Models and "when to use them"

  • GaussianCopula (CPU, without PyTorch): fast and stable baseline; ideal for demos and small/medium datasets or slightly non-linear relationships.
  • CTGAN (PyTorch): better for mixed data with many categorical/high cardinality and multiple modes; captured minority classes better. I forced pac=1 to avoid PacGAN asserts with common batches.
  • TVAE (PyTorch): stable training and good global structure, especially when numerical data predominates; sometimes "smooths" extremes.

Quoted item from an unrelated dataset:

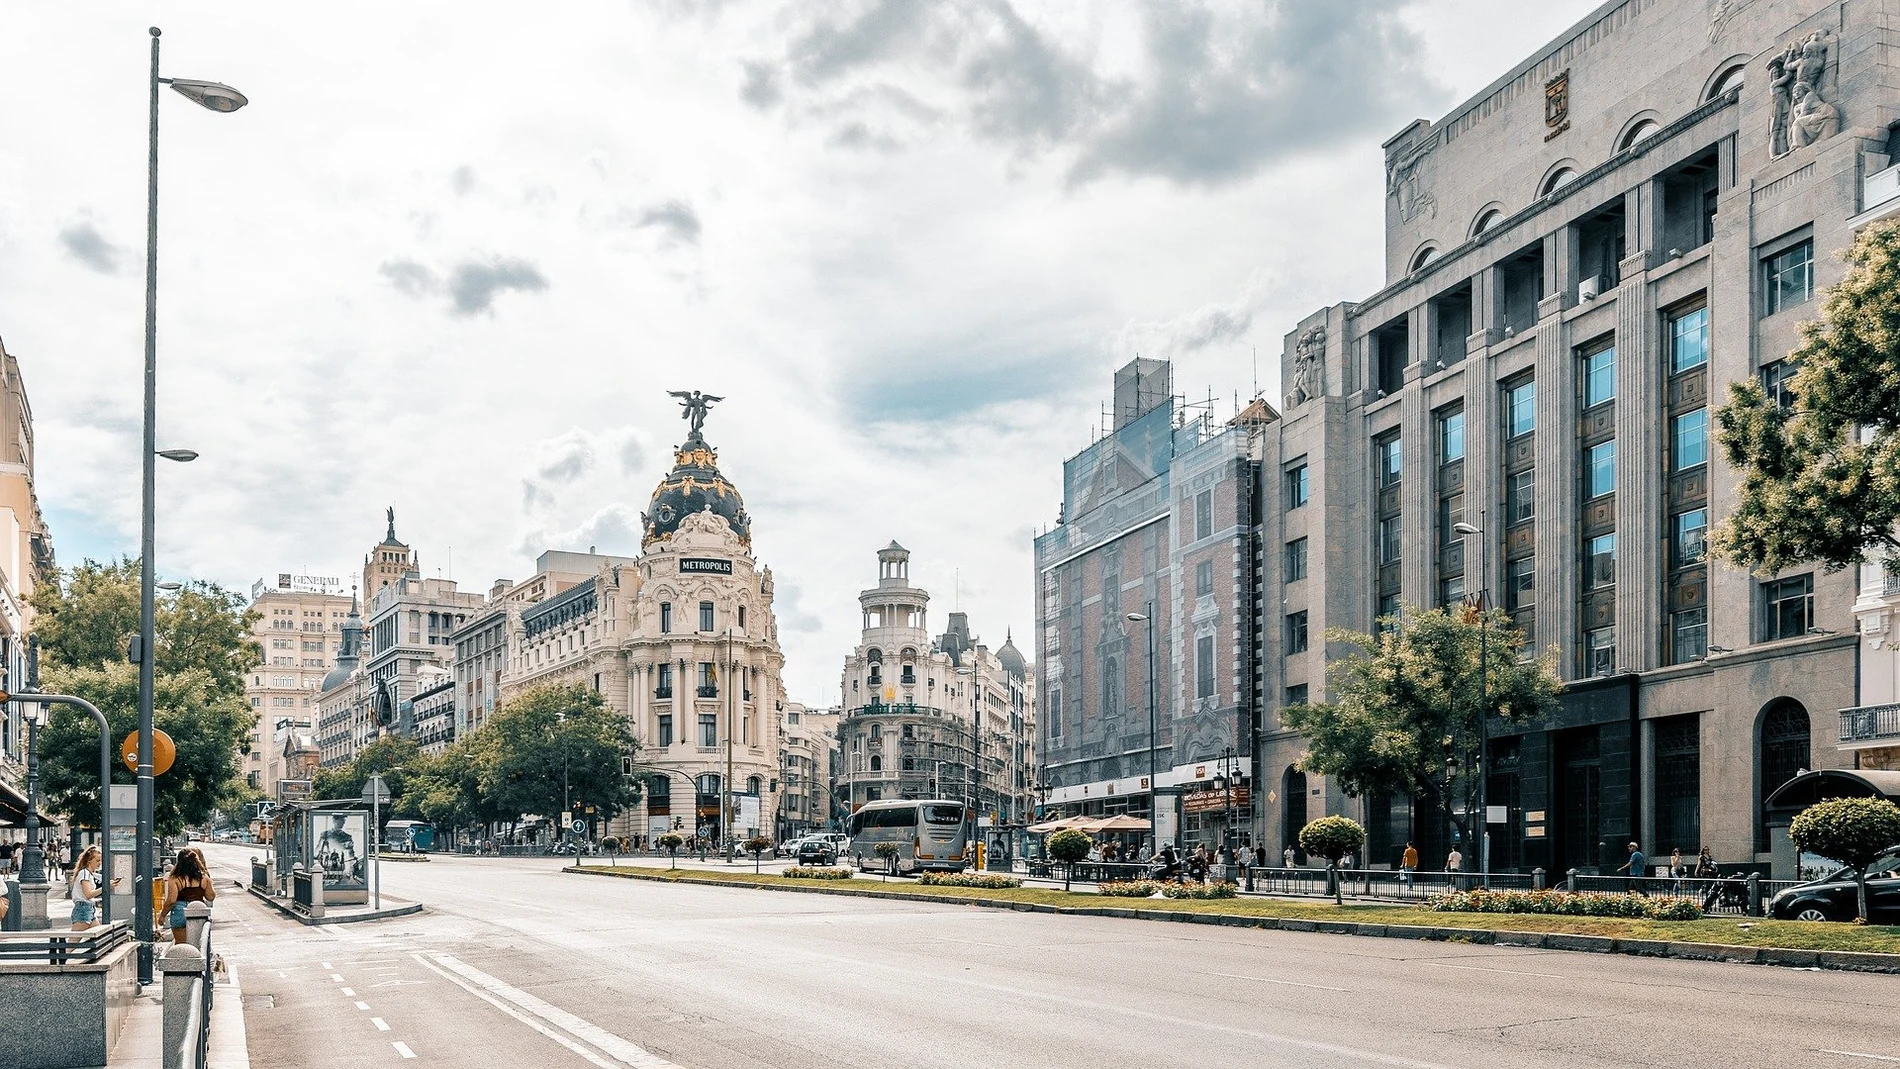 Madrid, mejor destino turístico que Barcelona según el Wall Street Journal

I included a recommender that, depending on the dataset and PyTorch availability, suggests a default model and parameters (epochs, batch, sample).


Key technical decisions

  • Lazy import of models: CTGAN/TVAE are only imported when the user chooses them, so the app runs with GaussianCopula even without PyTorch.
  • New/legacy SDV compatibility: first I try sdv.single_table (CTGANSynthesizer/TVAESynthesizer/GaussianCopulaSynthesizer) and, if it fails, I fallback to sdv.tabular.
  • Demo guardrails: limit of 25 columns, reasonable sampling, and low epochs on CPU.
  • Robust evaluation: sdmetrics.QualityReport with metadata.to_dict() when available.
  • Upload limit: 5 MB from the app + server.maxUploadSize in .streamlit/config.toml.

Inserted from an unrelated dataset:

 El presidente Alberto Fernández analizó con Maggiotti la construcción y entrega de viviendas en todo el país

Deployment on Hugging Face Spaces (CPU, free)

README Front-matter (or Settings → Runtime):

sdk: streamlit
app_file: app.py
python_version: 3.10

requirements.txt

streamlit>=1.36.0
pandas>=2.1.0
numpy>=1.24.0
sdv>=1.8.0,<2.0.0
sdmetrics>=0.12.0
scikit-learn>=1.3.0
scipy>=1.10.0
plotly>=5.20.0
torch>=2.1,<3.0   # optional: only if you will use CTGAN/TVAE

Persistence: on the free plan, storage is ephemeral; generated data is downloaded locally.


Local use

# 1) Create environment
conda create -n synth python=3.10 -y
conda activate synth

# 2) Install dependencies
pip install -r requirements.txt

# 3) Run
streamlit run app.py

If you are going to use CTGAN/TVAE on CPU:

pip install "torch>=2.1,<3.0" --index-url https://download.pytorch.org/whl/cpu

Results and lessons

  • In mixed datasets with high cardinality categorical variables, CTGAN performed better than TVAE and GaussianCopula.
  • TVAE was the most stable with few epochs on CPU.
  • GaussianCopula is ideal as a baseline and for public demos where you don't want to depend on PyTorch.
  • The limits (columns/epochs) were key to avoiding timeouts and offering a smooth experience in Spaces.